---------- Dataset records ----------
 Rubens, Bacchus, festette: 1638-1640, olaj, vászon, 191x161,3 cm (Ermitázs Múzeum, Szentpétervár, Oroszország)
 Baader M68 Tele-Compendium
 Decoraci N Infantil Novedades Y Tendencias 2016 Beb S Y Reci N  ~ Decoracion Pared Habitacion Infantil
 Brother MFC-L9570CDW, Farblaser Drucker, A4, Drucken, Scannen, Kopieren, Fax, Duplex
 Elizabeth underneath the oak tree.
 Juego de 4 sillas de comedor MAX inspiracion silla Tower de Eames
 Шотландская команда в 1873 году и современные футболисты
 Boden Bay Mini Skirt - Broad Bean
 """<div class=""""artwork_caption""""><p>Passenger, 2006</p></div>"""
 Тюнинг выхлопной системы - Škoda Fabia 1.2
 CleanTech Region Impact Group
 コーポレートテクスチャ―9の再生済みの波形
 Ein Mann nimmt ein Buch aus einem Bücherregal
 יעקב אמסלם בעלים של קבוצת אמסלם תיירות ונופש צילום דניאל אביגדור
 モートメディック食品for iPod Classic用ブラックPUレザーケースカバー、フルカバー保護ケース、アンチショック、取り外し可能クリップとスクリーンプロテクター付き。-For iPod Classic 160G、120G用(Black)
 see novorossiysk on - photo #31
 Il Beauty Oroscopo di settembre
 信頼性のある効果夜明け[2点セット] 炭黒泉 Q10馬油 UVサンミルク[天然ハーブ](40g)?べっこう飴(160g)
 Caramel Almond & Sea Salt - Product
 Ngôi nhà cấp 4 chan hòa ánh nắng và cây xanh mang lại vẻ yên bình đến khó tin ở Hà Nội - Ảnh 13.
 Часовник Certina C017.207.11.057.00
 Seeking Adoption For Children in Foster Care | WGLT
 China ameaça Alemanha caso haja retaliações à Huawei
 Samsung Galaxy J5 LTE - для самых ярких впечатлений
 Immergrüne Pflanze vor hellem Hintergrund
----------
▶ **What needs to be done**: All the records above need to be set down again exactly as they were given.

▶ **Solution below**:
 Rubens, Bacchus, festette: 1638-1640, olaj, vászon, 191x161,3 cm (Ermitázs Múzeum, Szentpétervár, Oroszország)
 Baader M68 Tele-Compendium
 Decoraci N Infantil Novedades Y Tendencias 2016 Beb S Y Reci N  ~ Decoracion Pared Habitacion Infantil
 Brother MFC-L9570CDW, Farblaser Drucker, A4, Drucken, Scannen, Kopieren, Fax, Duplex
 Elizabeth underneath the oak tree.
 Juego de 4 sillas de comedor MAX inspiracion silla Tower de Eames
 Шотландская команда в 1873 году и современные футболисты
 Boden Bay Mini Skirt - Broad Bean
 """<div class=""""artwork_caption""""><p>Passenger, 2006</p></div>"""
 Тюнинг выхлопной системы - Škoda Fabia 1.2
 CleanTech Region Impact Group
 コーポレートテクスチャ―9の再生済みの波形
 Ein Mann nimmt ein Buch aus einem Bücherregal
 יעקב אמסלם בעלים של קבוצת אמסלם תיירות ונופש צילום דניאל אביגדור
 モートメディック食品for iPod Classic用ブラックPUレザーケースカバー、フルカバー保護ケース、アンチショック、取り外し可能クリップとスクリーンプロテクター付き。-For iPod Classic 160G、120G用(Black)
 see novorossiysk on - photo #31
 Il Beauty Oroscopo di settembre
 信頼性のある効果夜明け[2点セット] 炭黒泉 Q10馬油 UVサンミルク[天然ハーブ](40g)?べっこう飴(160g)
 Caramel Almond & Sea Salt - Product
 Ngôi nhà cấp 4 chan hòa ánh nắng và cây xanh mang lại vẻ yên bình đến khó tin ở Hà Nội - Ảnh 13.
 Часовник Certina C017.207.11.057.00
 Seeking Adoption For Children in Foster Care | WGLT
 China ameaça Alemanha caso haja retaliações à Huawei
 Samsung Galaxy J5 LTE - для самых ярких впечатлений
 Immergrüne Pflanze vor hellem Hintergrund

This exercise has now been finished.